Every night at 2am, a job wakes up, scans 500 million rows of click data, computes daily aggregates, and writes summary tables that power the analytics dashboard. That is batch processing. Meanwhile, a fraud detection system examines each credit card transaction as it happens, scoring it in under 100 milliseconds and blocking suspicious charges before the merchant even sees a response. That is stream processing.

Both are data processing. Both can compute the same results. But they operate on fundamentally different assumptions about time, completeness, and latency, and those assumptions determine which tools and architectures you reach for.

Batch processing

Batch processing operates on bounded, complete datasets. You know the input is finite: yesterday’s logs, last month’s orders, the entire user table. The job reads all the data, transforms it, and produces output. If it fails halfway through, you restart from the beginning.

The canonical batch framework is Apache Spark. At a conceptual level, Spark splits your data into partitions distributed across a cluster of worker nodes. You express transformations (map, filter, join, aggregate) as a directed acyclic graph (DAG) of operations. Spark’s scheduler optimizes this DAG, deciding which operations can be pipelined together and which require a shuffle (redistributing data across workers, typically for joins and group-by operations).

A Spark job processing 1TB of log data might run across 100 workers. Each worker reads its partition from distributed storage (HDFS or S3), applies the transformations locally, and writes intermediate results. Shuffles are the expensive part: they require writing data to disk and transferring it across the network. A well-optimized Spark job minimizes shuffles.

Batch processing excels when you need to reprocess historical data, compute aggregates over complete datasets, train machine learning models, or generate reports. The trade-off is latency: results are only available after the entire job finishes, which might take minutes to hours.

Stream processing

Stream processing operates on unbounded, never-ending data. Events arrive continuously: user clicks, sensor readings, financial transactions, log lines. The system processes each event (or small batch of events) as it arrives, producing results with sub-second to low-second latency.

Apache Flink and Kafka Streams are the two most prominent stream processing frameworks. Flink runs as a distributed cluster with a JobManager (coordinator) and TaskManagers (workers). Your processing logic is compiled into a dataflow graph that Flink executes across the cluster. Kafka Streams takes a different approach: it is a library embedded in your application, not a separate cluster. Your application instances form the processing cluster, reading from and writing to Kafka topics.
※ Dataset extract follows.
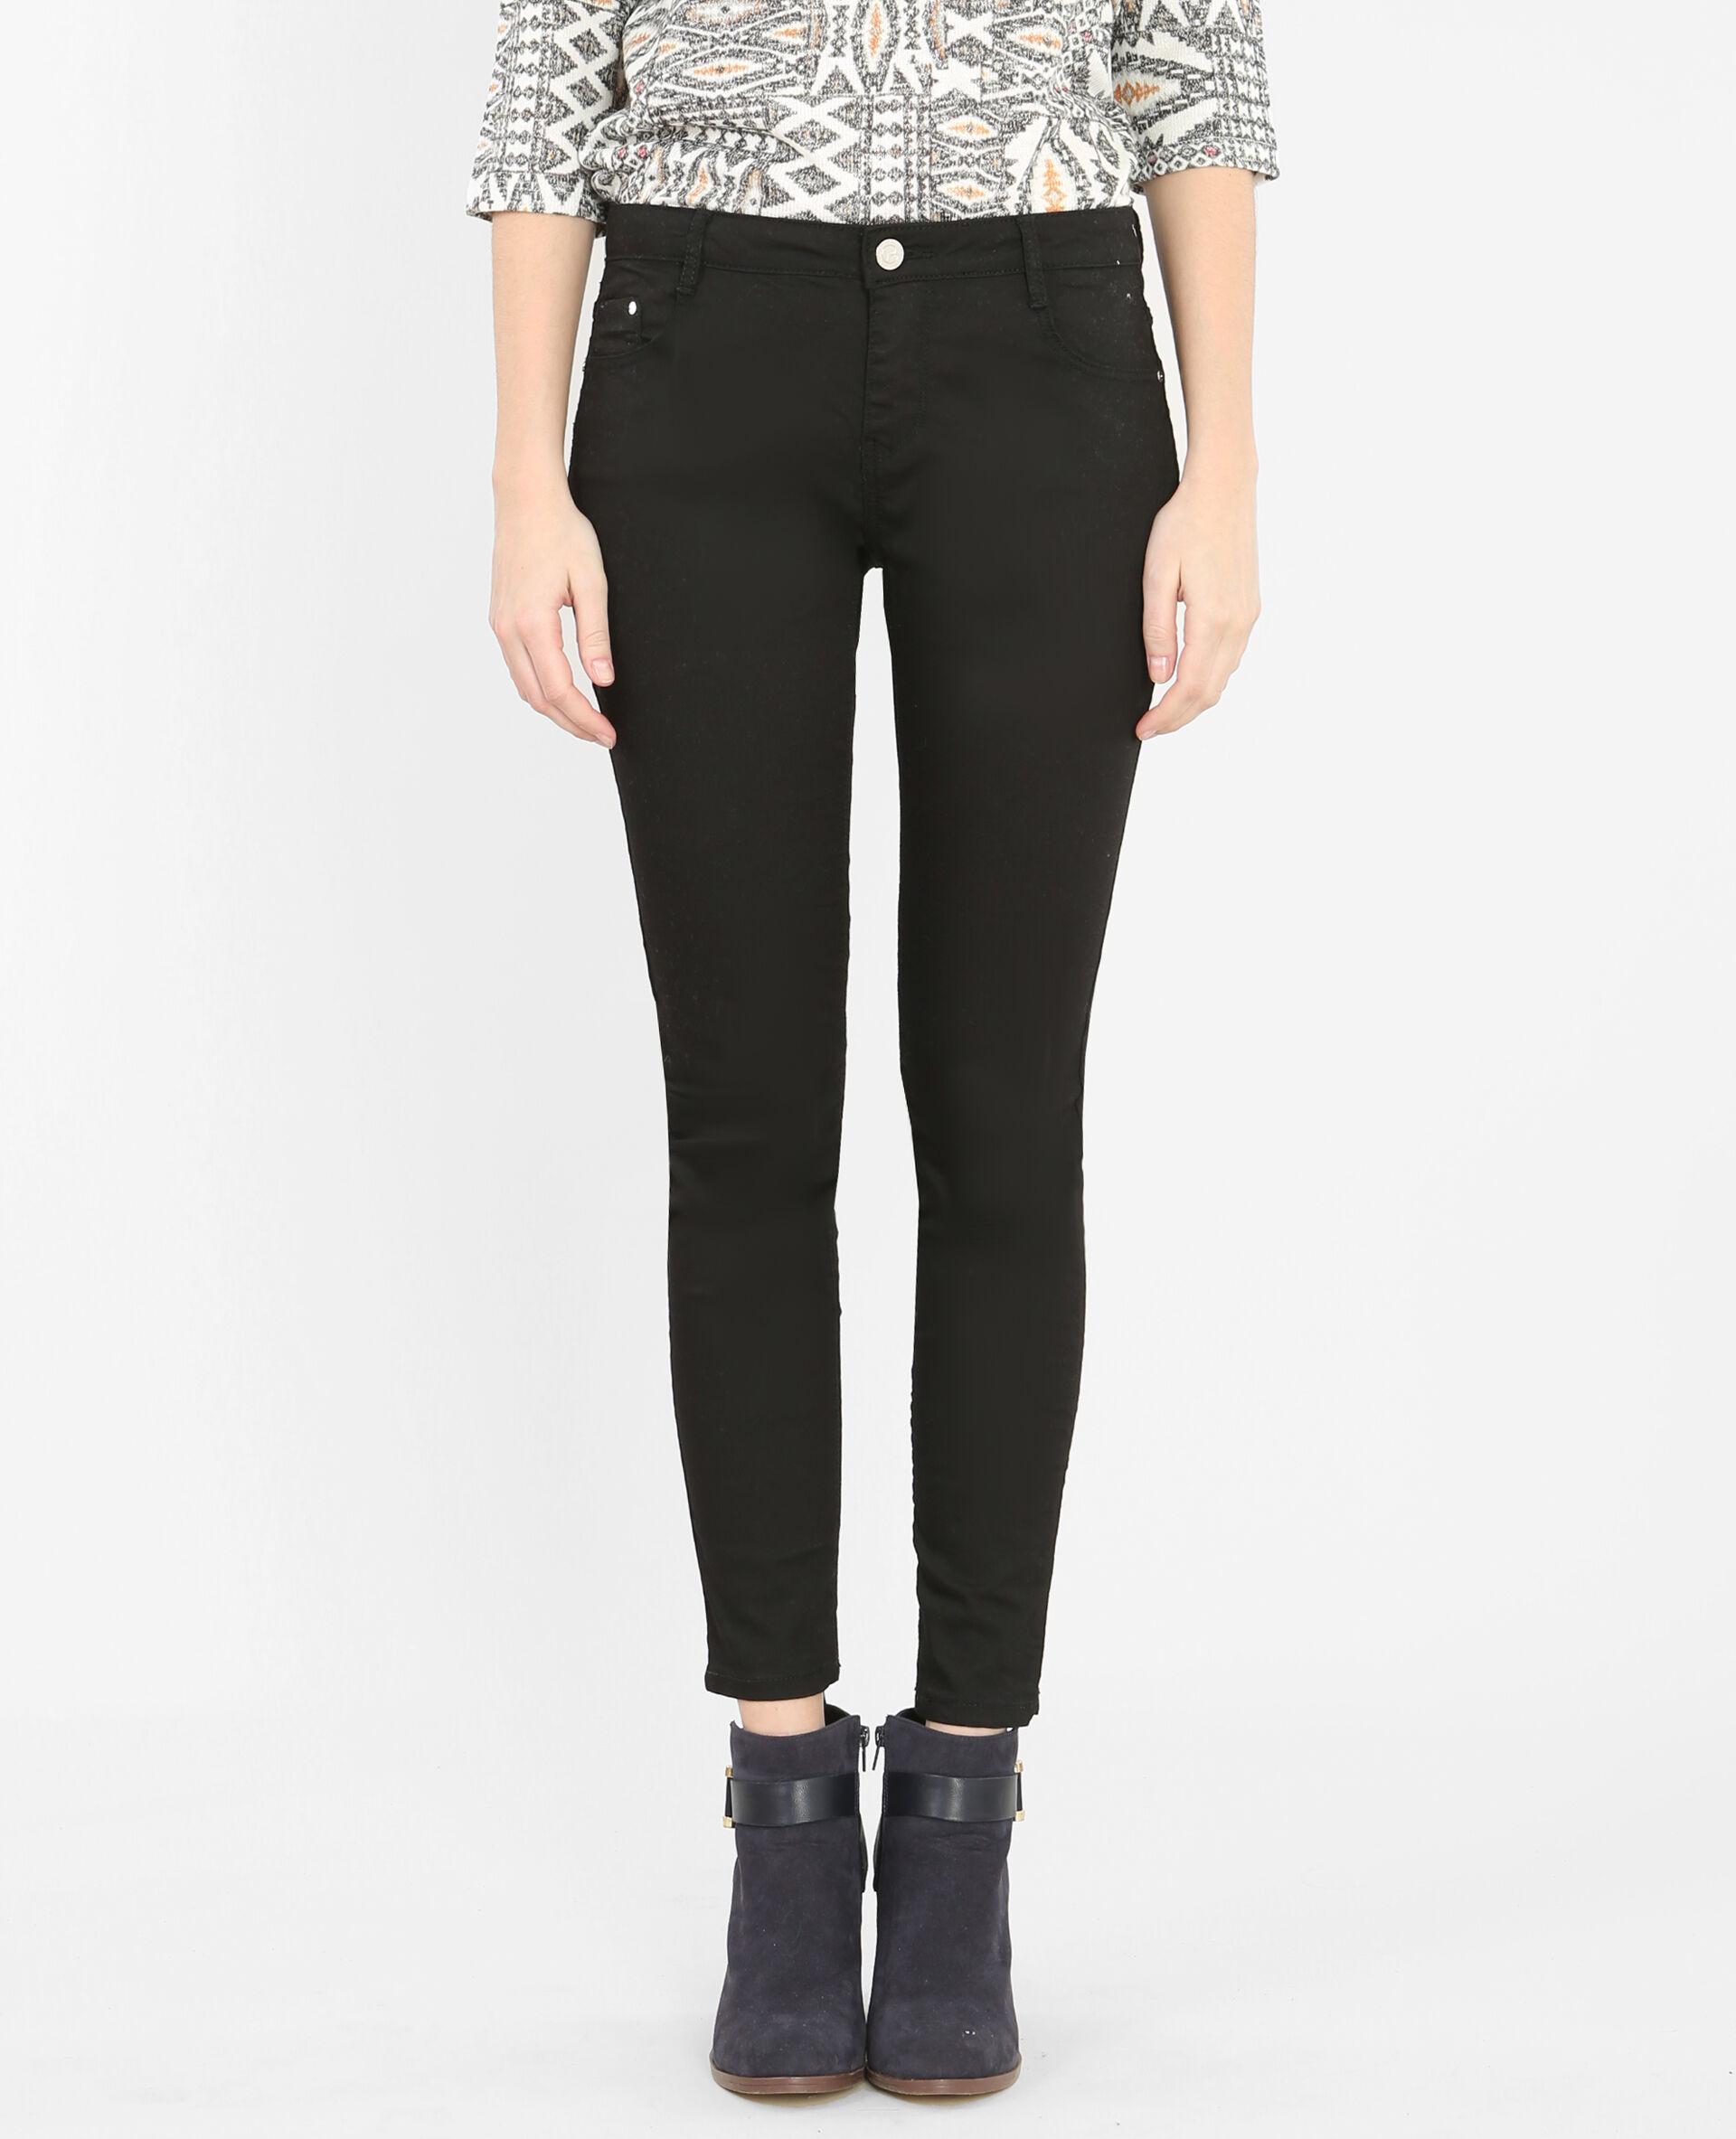 Original 12 Mois Pantalon Souple Imitation Jean Vêtements Filles (0-24 Mois)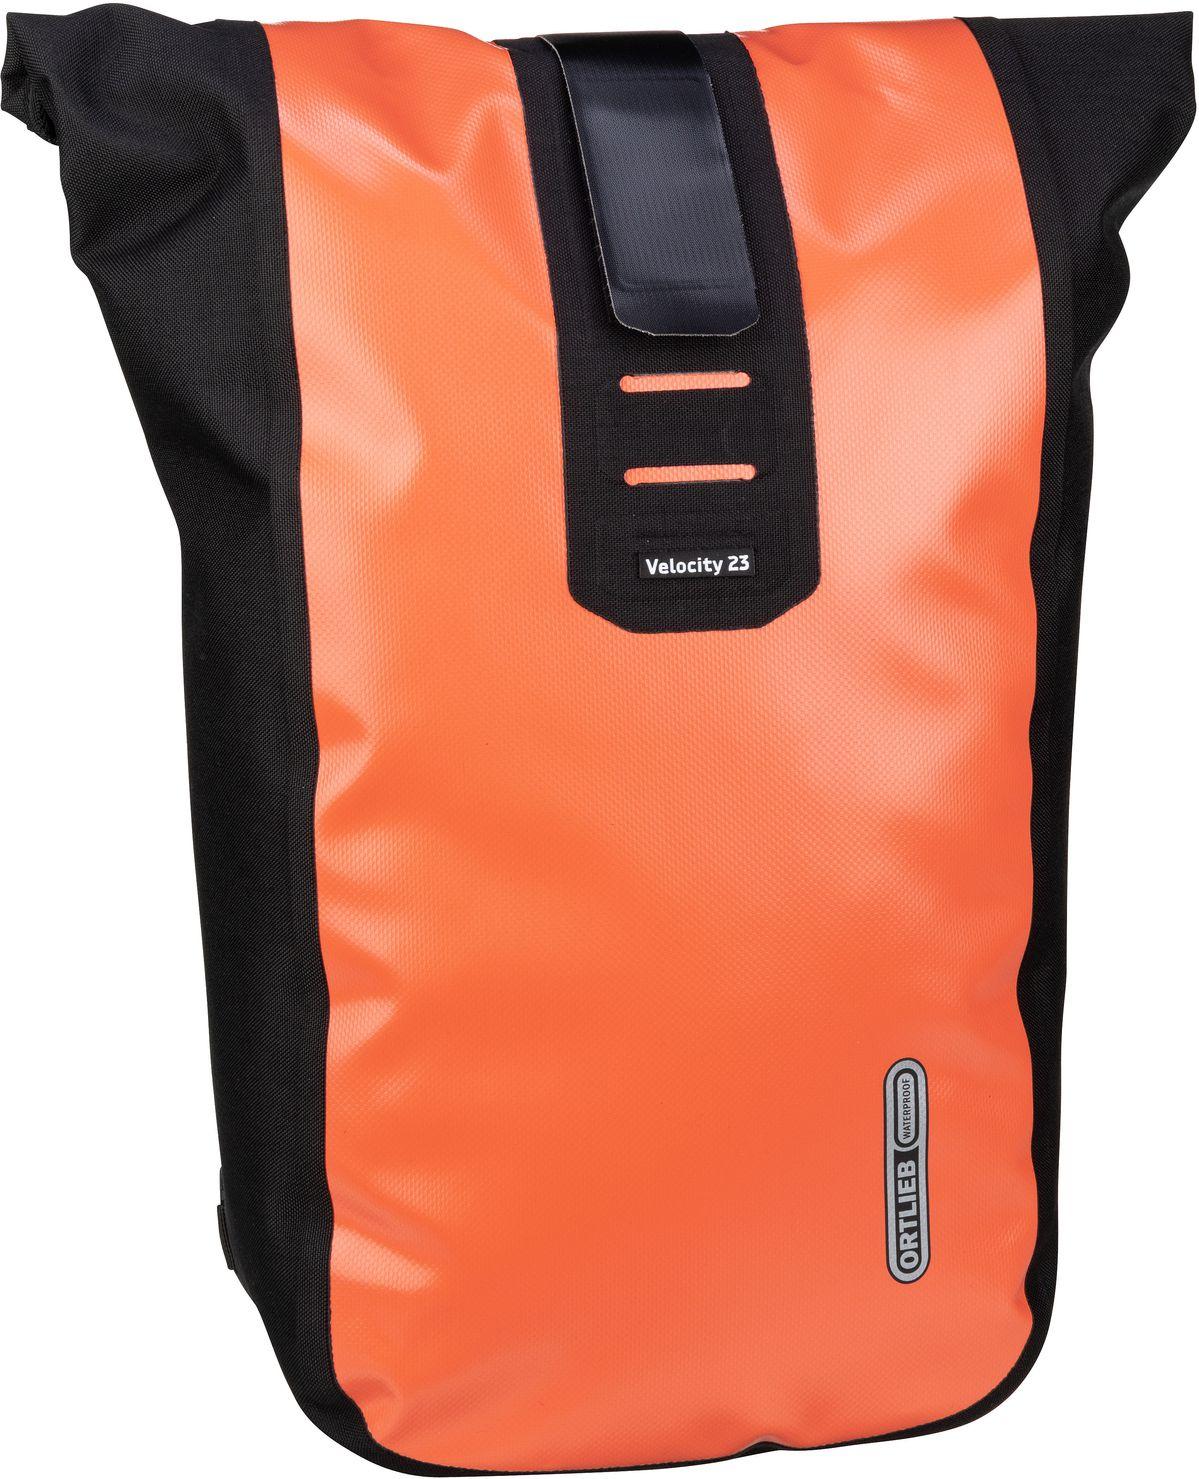 Rucksack / Daypack Velocity 23L Coral-Black (23 Liter)

The key challenges in stream processing are event ordering, late arrivals, and state management. In a batch job, all data is present before processing starts, so ordering and completeness are trivial. In a stream, events can arrive out of order (due to network delays or partitioning), and you never know if all events for a given time window have arrived.

Windowing solves this partially. You define time windows (tumbling, sliding, or session-based) and aggregate events within each window. A tumbling window of 5 minutes collects all events in each 5-minute interval and emits a result at the end. But what if an event timestamped at 14:04:59 arrives at 14:06:01, after the window closed? Watermarks, a concept Flink popularized, help the system decide when it is safe to close a window by tracking the progress of event time across the stream.

Lambda architecture

The lambda architecture attempts to get the best of both worlds: the completeness and correctness of batch processing combined with the low latency of stream processing. It runs two parallel processing paths.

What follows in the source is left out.